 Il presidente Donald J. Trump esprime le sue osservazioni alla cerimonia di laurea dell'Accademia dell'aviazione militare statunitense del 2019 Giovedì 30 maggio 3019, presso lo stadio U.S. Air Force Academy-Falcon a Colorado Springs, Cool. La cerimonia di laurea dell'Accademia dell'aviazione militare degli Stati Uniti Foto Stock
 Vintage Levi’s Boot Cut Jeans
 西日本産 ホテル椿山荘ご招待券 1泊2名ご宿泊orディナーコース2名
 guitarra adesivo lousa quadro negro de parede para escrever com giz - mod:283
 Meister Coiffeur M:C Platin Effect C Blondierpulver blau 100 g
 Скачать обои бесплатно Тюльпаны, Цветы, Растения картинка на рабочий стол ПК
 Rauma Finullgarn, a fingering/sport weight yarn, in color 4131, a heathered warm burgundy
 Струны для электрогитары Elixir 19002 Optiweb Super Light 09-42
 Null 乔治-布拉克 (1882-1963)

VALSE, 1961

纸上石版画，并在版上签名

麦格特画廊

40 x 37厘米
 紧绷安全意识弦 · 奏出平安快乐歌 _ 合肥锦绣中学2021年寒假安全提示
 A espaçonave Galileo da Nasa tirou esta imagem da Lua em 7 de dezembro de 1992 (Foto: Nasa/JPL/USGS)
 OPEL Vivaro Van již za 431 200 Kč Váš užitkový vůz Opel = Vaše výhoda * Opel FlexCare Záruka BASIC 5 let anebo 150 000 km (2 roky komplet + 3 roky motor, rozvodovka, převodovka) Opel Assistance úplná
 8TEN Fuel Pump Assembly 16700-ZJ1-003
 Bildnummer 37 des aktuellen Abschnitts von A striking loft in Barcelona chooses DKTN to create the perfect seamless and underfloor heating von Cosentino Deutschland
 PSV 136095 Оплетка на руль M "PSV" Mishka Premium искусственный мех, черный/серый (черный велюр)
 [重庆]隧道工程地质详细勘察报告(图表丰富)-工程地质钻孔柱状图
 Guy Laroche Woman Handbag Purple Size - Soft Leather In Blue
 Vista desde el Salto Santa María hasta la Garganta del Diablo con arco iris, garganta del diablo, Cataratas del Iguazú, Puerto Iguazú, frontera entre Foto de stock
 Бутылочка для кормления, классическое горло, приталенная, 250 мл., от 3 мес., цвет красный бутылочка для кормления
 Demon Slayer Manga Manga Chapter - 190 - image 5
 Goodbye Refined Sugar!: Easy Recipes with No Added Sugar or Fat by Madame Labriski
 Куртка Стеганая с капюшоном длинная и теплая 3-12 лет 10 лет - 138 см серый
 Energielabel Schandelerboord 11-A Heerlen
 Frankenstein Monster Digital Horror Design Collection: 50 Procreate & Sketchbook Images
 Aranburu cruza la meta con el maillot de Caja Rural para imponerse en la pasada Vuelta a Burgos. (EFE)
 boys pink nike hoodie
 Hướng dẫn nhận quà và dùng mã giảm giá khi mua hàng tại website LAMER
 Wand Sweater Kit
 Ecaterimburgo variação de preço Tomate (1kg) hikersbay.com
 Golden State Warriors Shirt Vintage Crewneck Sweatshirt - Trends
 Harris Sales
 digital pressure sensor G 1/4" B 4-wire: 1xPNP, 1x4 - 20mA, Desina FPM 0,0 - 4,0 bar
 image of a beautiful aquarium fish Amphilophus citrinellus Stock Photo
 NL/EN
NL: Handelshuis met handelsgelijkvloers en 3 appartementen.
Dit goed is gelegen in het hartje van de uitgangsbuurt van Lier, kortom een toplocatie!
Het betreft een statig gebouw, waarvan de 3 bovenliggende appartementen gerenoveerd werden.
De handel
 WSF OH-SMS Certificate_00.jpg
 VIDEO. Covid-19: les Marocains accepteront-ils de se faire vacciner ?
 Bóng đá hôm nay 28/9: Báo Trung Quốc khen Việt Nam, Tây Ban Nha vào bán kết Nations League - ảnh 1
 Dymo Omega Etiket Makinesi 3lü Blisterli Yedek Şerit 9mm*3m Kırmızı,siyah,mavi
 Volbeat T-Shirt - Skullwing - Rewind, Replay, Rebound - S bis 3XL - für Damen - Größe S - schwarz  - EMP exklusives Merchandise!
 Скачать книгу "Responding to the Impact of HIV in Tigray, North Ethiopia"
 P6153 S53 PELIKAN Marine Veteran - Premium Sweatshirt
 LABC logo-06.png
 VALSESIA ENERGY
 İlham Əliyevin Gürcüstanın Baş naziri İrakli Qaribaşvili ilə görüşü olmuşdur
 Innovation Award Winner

Brief: Write out all the material exactly, keeping each word.

Answer box:
 Il presidente Donald J. Trump esprime le sue osservazioni alla cerimonia di laurea dell'Accademia dell'aviazione militare statunitense del 2019 Giovedì 30 maggio 3019, presso lo stadio U.S. Air Force Academy-Falcon a Colorado Springs, Cool. La cerimonia di laurea dell'Accademia dell'aviazione militare degli Stati Uniti Foto Stock
 Vintage Levi’s Boot Cut Jeans
 西日本産 ホテル椿山荘ご招待券 1泊2名ご宿泊orディナーコース2名
 guitarra adesivo lousa quadro negro de parede para escrever com giz - mod:283
 Meister Coiffeur M:C Platin Effect C Blondierpulver blau 100 g
 Скачать обои бесплатно Тюльпаны, Цветы, Растения картинка на рабочий стол ПК
 Rauma Finullgarn, a fingering/sport weight yarn, in color 4131, a heathered warm burgundy
 Струны для электрогитары Elixir 19002 Optiweb Super Light 09-42
 Null 乔治-布拉克 (1882-1963)

VALSE, 1961

纸上石版画，并在版上签名

麦格特画廊

40 x 37厘米
 紧绷安全意识弦 · 奏出平安快乐歌 _ 合肥锦绣中学2021年寒假安全提示
 A espaçonave Galileo da Nasa tirou esta imagem da Lua em 7 de dezembro de 1992 (Foto: Nasa/JPL/USGS)
 OPEL Vivaro Van již za 431 200 Kč Váš užitkový vůz Opel = Vaše výhoda * Opel FlexCare Záruka BASIC 5 let anebo 150 000 km (2 roky komplet + 3 roky motor, rozvodovka, převodovka) Opel Assistance úplná
 8TEN Fuel Pump Assembly 16700-ZJ1-003
 Bildnummer 37 des aktuellen Abschnitts von A striking loft in Barcelona chooses DKTN to create the perfect seamless and underfloor heating von Cosentino Deutschland
 PSV 136095 Оплетка на руль M "PSV" Mishka Premium искусственный мех, черный/серый (черный велюр)
 [重庆]隧道工程地质详细勘察报告(图表丰富)-工程地质钻孔柱状图
 Guy Laroche Woman Handbag Purple Size - Soft Leather In Blue
 Vista desde el Salto Santa María hasta la Garganta del Diablo con arco iris, garganta del diablo, Cataratas del Iguazú, Puerto Iguazú, frontera entre Foto de stock
 Бутылочка для кормления, классическое горло, приталенная, 250 мл., от 3 мес., цвет красный бутылочка для кормления
 Demon Slayer Manga Manga Chapter - 190 - image 5
 Goodbye Refined Sugar!: Easy Recipes with No Added Sugar or Fat by Madame Labriski
 Куртка Стеганая с капюшоном длинная и теплая 3-12 лет 10 лет - 138 см серый
 Energielabel Schandelerboord 11-A Heerlen
 Frankenstein Monster Digital Horror Design Collection: 50 Procreate & Sketchbook Images
 Aranburu cruza la meta con el maillot de Caja Rural para imponerse en la pasada Vuelta a Burgos. (EFE)
 boys pink nike hoodie
 Hướng dẫn nhận quà và dùng mã giảm giá khi mua hàng tại website LAMER
 Wand Sweater Kit
 Ecaterimburgo variação de preço Tomate (1kg) hikersbay.com
 Golden State Warriors Shirt Vintage Crewneck Sweatshirt - Trends
 Harris Sales
 digital pressure sensor G 1/4" B 4-wire: 1xPNP, 1x4 - 20mA, Desina FPM 0,0 - 4,0 bar
 image of a beautiful aquarium fish Amphilophus citrinellus Stock Photo
 NL/EN
NL: Handelshuis met handelsgelijkvloers en 3 appartementen.
Dit goed is gelegen in het hartje van de uitgangsbuurt van Lier, kortom een toplocatie!
Het betreft een statig gebouw, waarvan de 3 bovenliggende appartementen gerenoveerd werden.
De handel
 WSF OH-SMS Certificate_00.jpg
 VIDEO. Covid-19: les Marocains accepteront-ils de se faire vacciner ?
 Bóng đá hôm nay 28/9: Báo Trung Quốc khen Việt Nam, Tây Ban Nha vào bán kết Nations League - ảnh 1
 Dymo Omega Etiket Makinesi 3lü Blisterli Yedek Şerit 9mm*3m Kırmızı,siyah,mavi
 Volbeat T-Shirt - Skullwing - Rewind, Replay, Rebound - S bis 3XL - für Damen - Größe S - schwarz  - EMP exklusives Merchandise!
 Скачать книгу "Responding to the Impact of HIV in Tigray, North Ethiopia"
 P6153 S53 PELIKAN Marine Veteran - Premium Sweatshirt
 LABC logo-06.png
 VALSESIA ENERGY
 İlham Əliyevin Gürcüstanın Baş naziri İrakli Qaribaşvili ilə görüşü olmuşdur
 Innovation Award Winner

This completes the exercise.